New album: Melancholic album for autumn days: “Hadsel” from Beirut

New album
Melancholic album for autumn days: “Hadsel” from Beirut

Zach Condon from the band Beirut. photo

© Lina Glaisser/Pompeii Records/dpa

After health problems and a tour cancellation, Beirut singer Zach Condon fled to northern Norway. In a church he sits down at the organ and lays the foundation for “Hadsel”.

It’s every musician’s nightmare when their most important instrument suddenly breaks down. First laryngitis, then tour cancellation and ongoing problems with the throat – for Beirut frontman Zach Condon took a break from broadcasting in 2019. Four years later there is news from the US folk band. Her new album “Hadsel” will be released on November 10th.

The new record sounds melancholic and wistful as usual. Condon processes his self-doubt and health problems in it. “I was working hard on the music, lost in a trance, blindly stumbling through my own nervous breakdown that I had been repressing since I was a teenager,” says the musician.

After the tour was canceled, the Berliner by choice moved to Norway, to the small municipality of Hadsel in the north of the country, which also gives the record its name. An escape from the city to water, seclusion and lots of nature. The darkness of winter has brought him comfort before, says Condon. “Looking for the most extreme version of this, I dreamed of going into a small cabin in the dark Arctic winter where the sun never rises above the horizon.”

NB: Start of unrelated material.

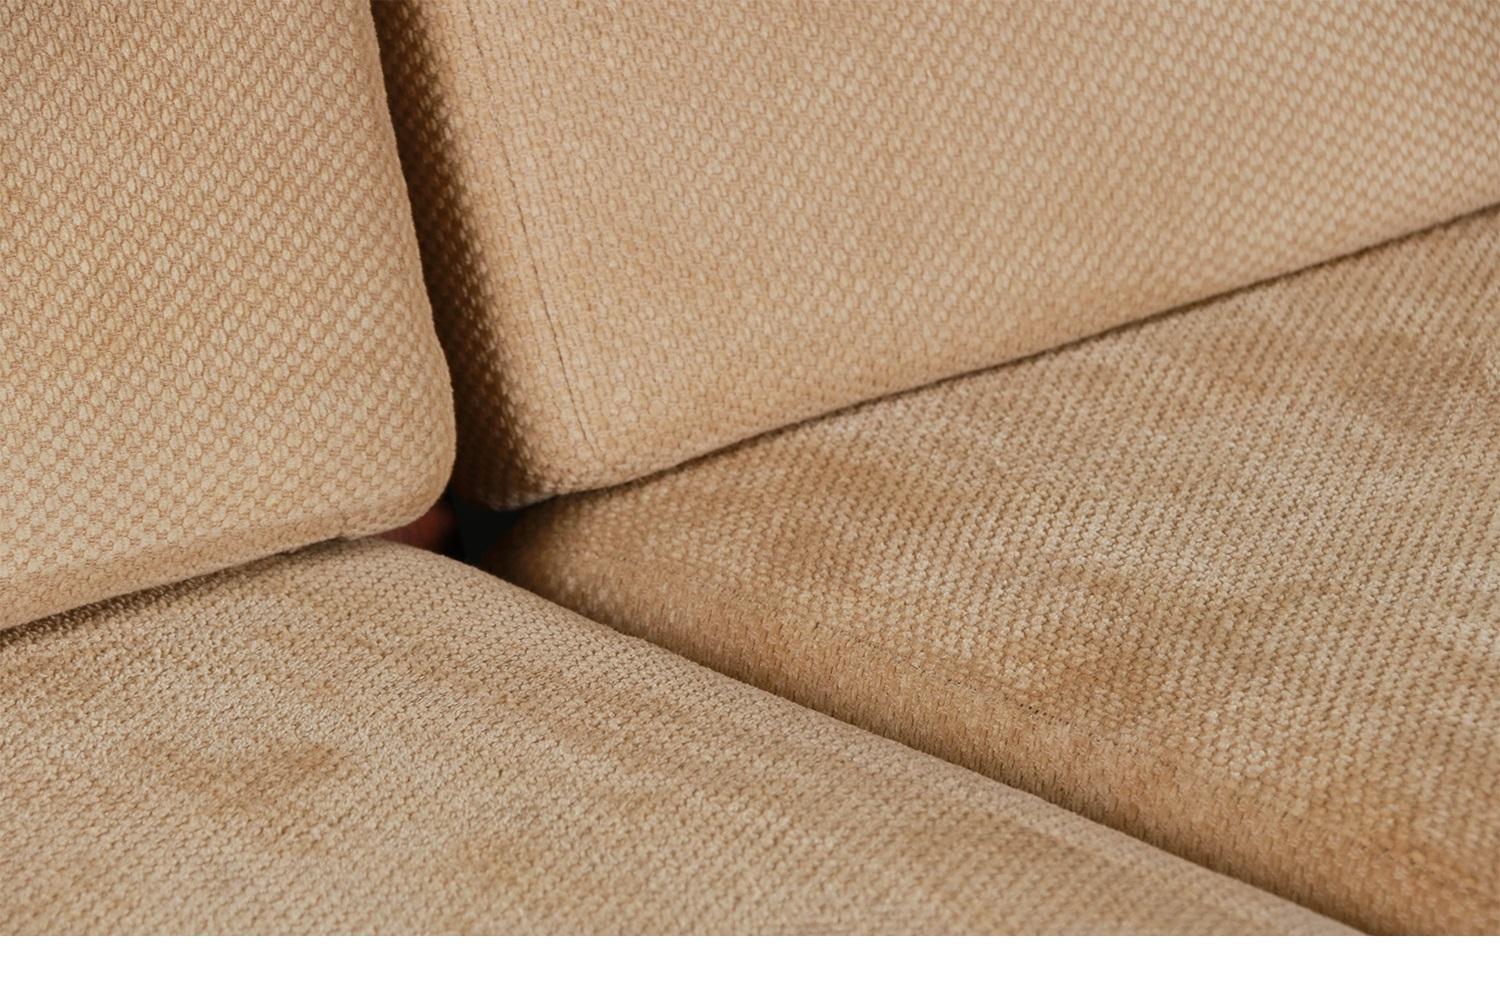 Upholstery Domino Mobler Mid Century Teak Upholstered Sofa Tarm Stole OG Mobelfabrik Style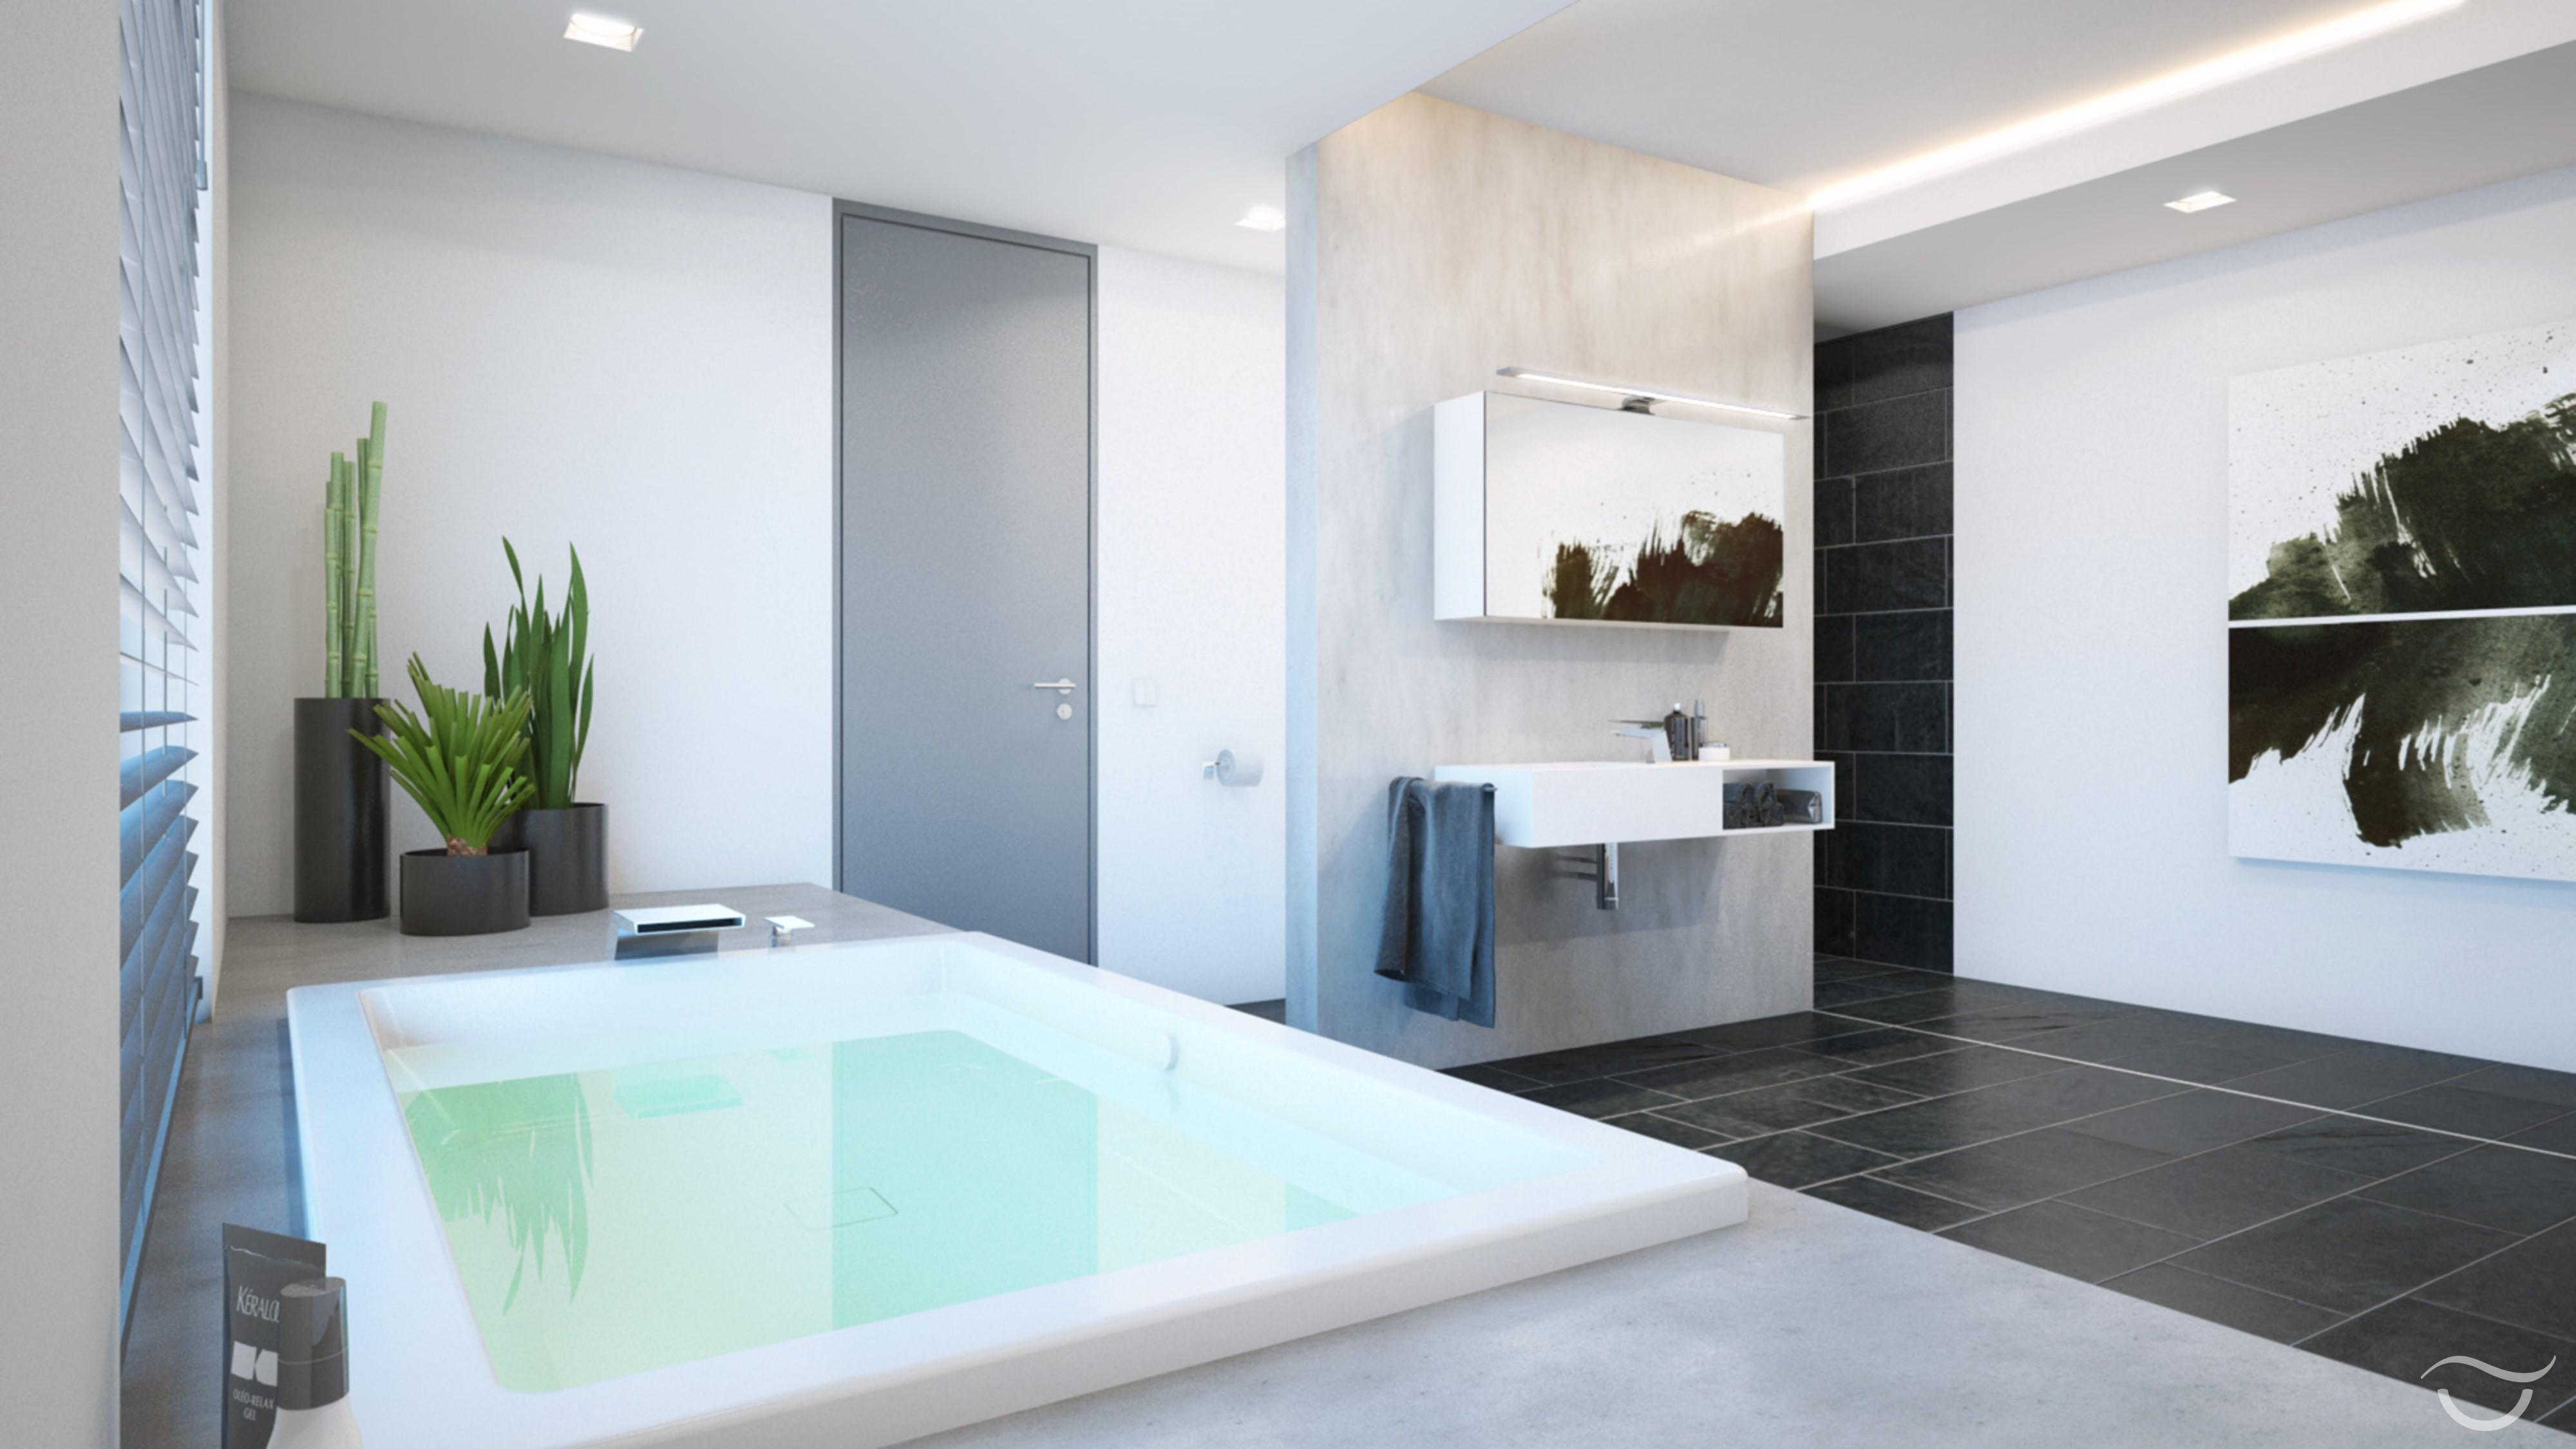 MANHATTAN überzeugt mit modernem, minimalistischem Design #badezimmer #minimalistisch ©Banovo GmbH

Quiet, exciting and unusual

The peace he was looking for is also conveyed by some of the twelve tracks on the album. In the relaxed number “Island Life” it sounds as if water is quietly rushing in the background. The purely instrumental piece “Melbu” with organ sounds also comes across as calm. But what is particularly exciting are the pieces in which Condon dares to experiment. What is particularly striking is the title “Süddeutsches Ton-Bild-Studio”, which sounds atmospheric with unusual percussion elements.

The organ runs like a common thread through the album. Sometimes played powerfully like in the opening track “Hadsel”, sometimes more gently like in “Regulatory”. According to his own words, multi-instrumentalist Condon sat at a church organ for the first time for the new album. He liked the instrument in the Norwegian wooden church and so he recorded songs there. The baritone ukulele used is also new on the album.

Despite these new instruments and more synthesizers than on the previous album “Gallipoli”, Beirut also retains its typical sound with horns that resemble fanfares and melodic singing.

With “Hadsel” Condon returns a bit to his musical beginnings. The record was made on his own and, unlike usual, he recorded it without a band. The result is an album worth listening to, with unusual arrangements and a heaviness that suits gray autumn days.